* **Work item**
Retype, exactly as they appear below, the lines between the line holding "IBRA brand and identity elements" and the line holding "Dolphin Hem Mixed", both ends included.

Segment Start: Supplied data

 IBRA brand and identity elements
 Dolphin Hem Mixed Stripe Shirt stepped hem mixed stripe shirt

Segment End: Supplied data
Segment Start: Supplied data

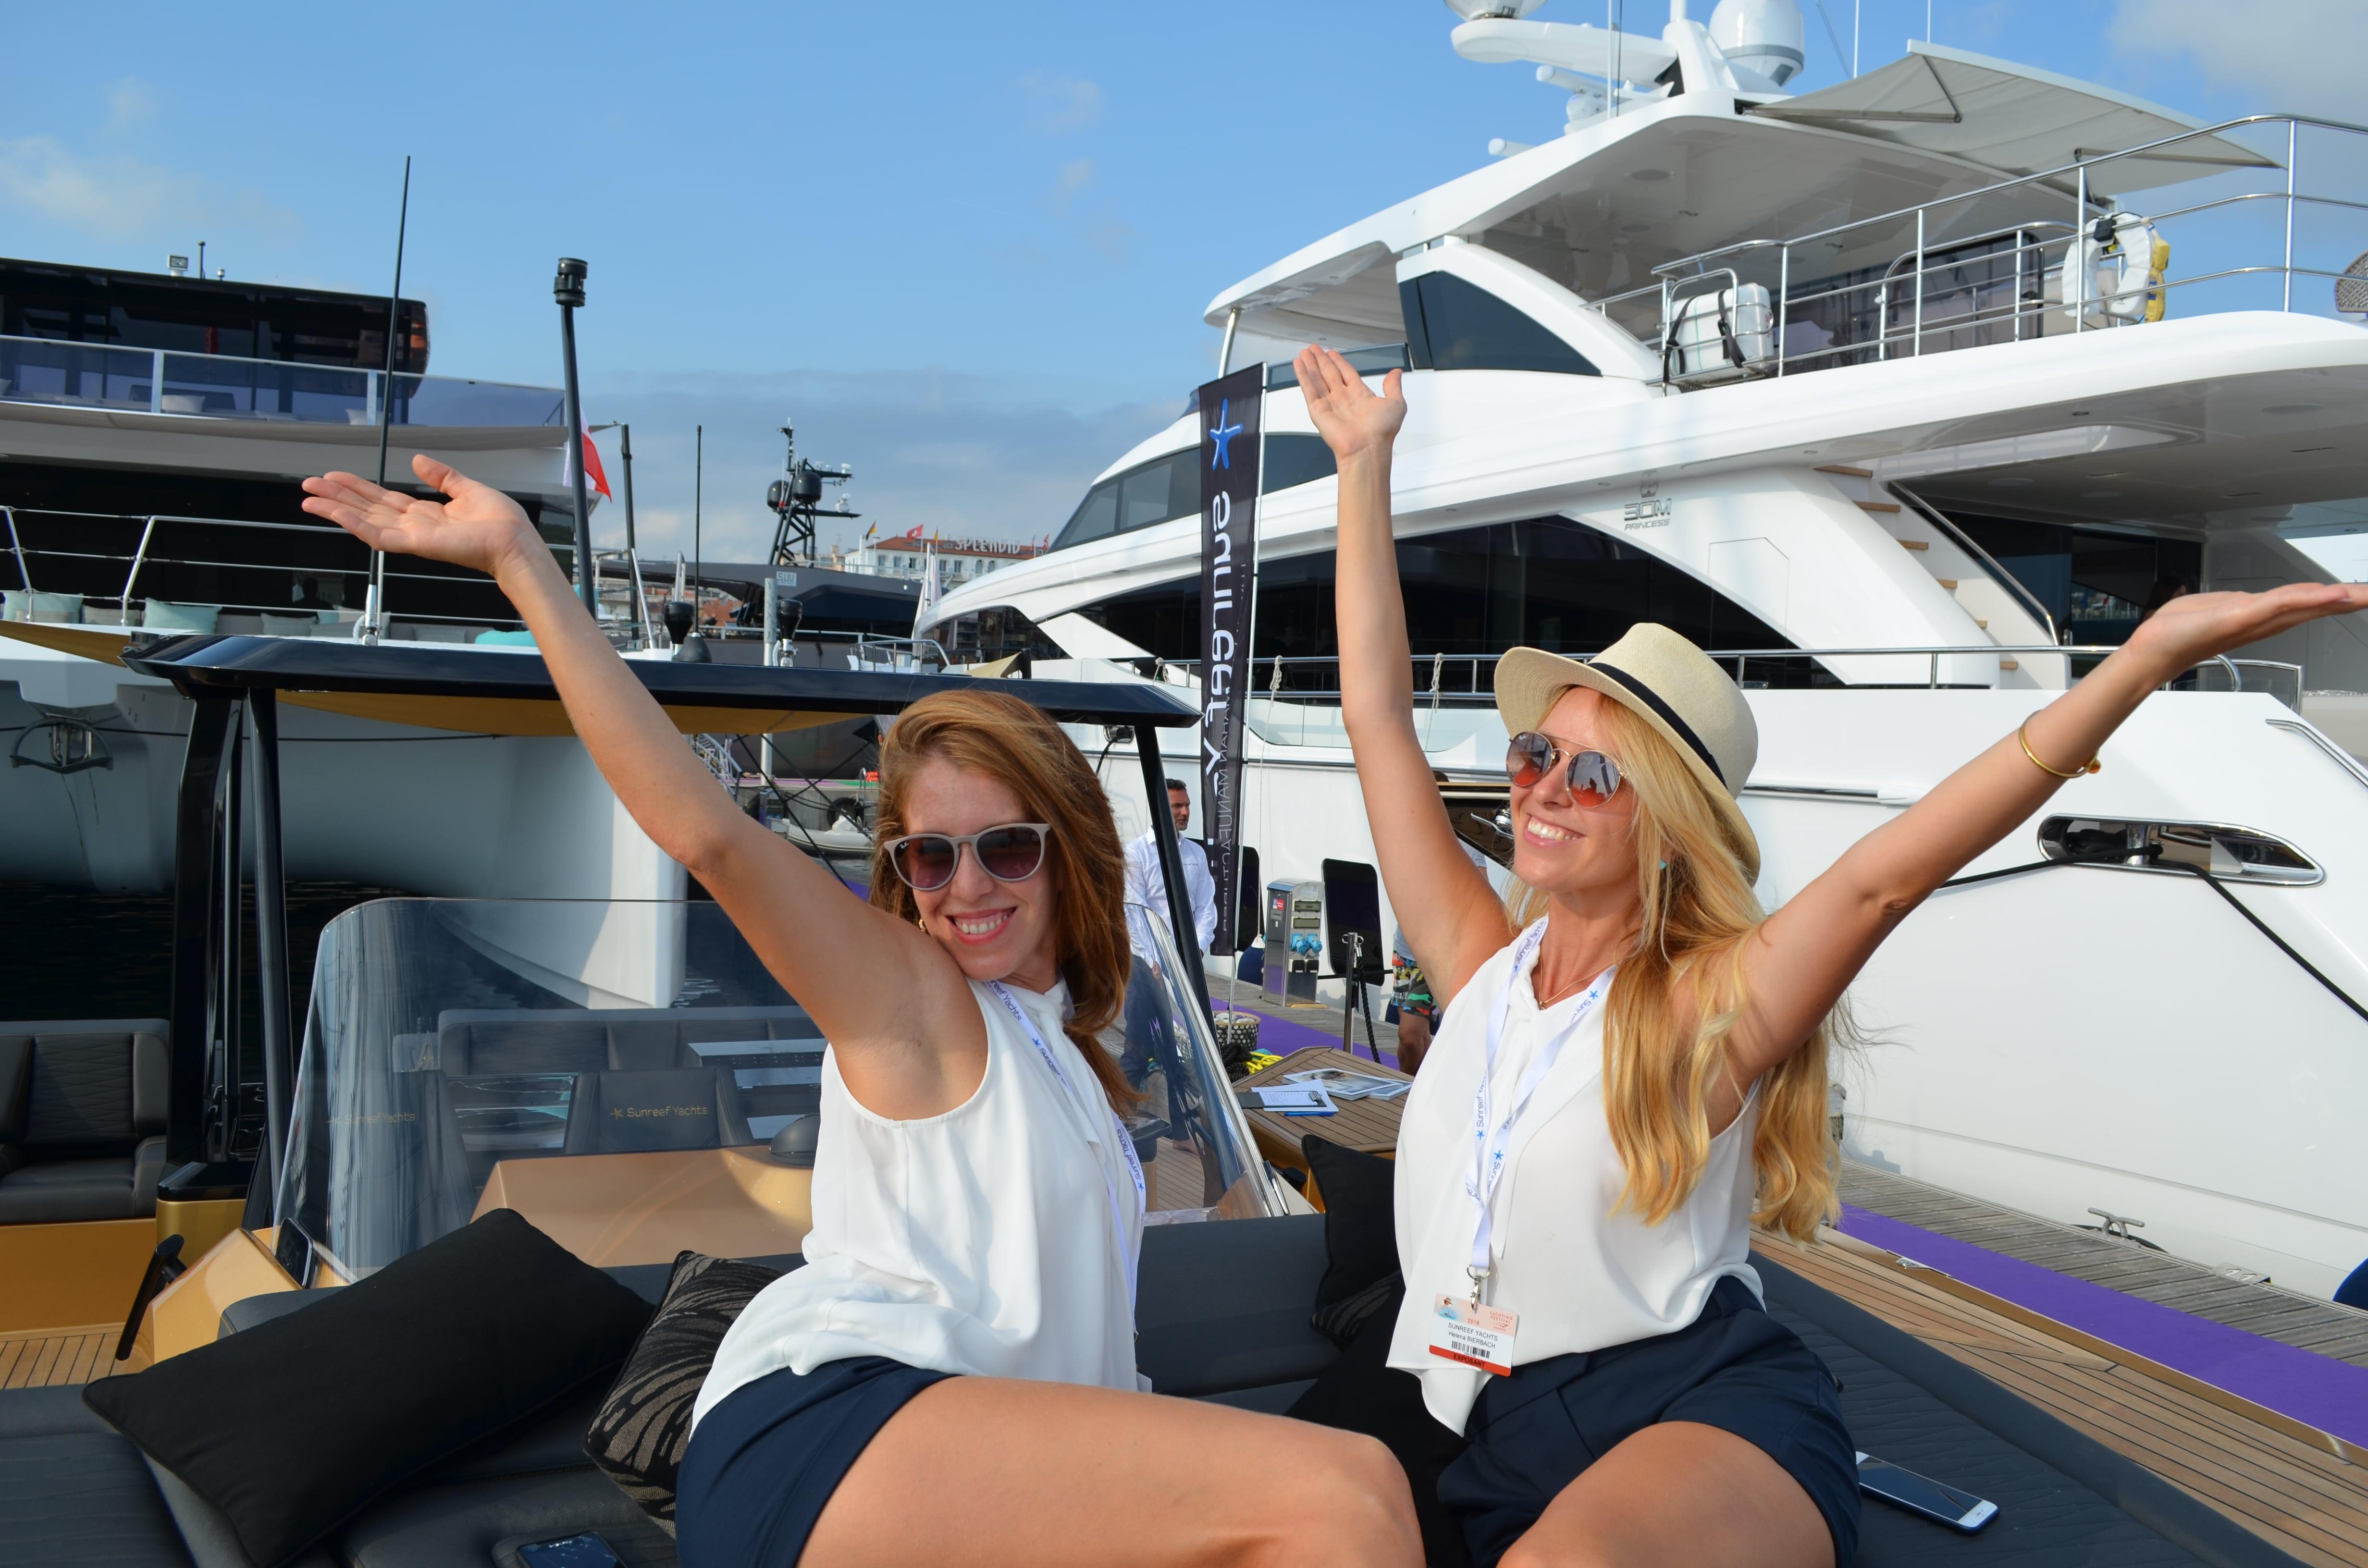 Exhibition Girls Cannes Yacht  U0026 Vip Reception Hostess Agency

Segment End: Supplied data

* **Result of the exercise**
 IBRA brand and identity elements
 Dolphin Hem Mixed Stripe Shirt stepped hem mixed stripe shirt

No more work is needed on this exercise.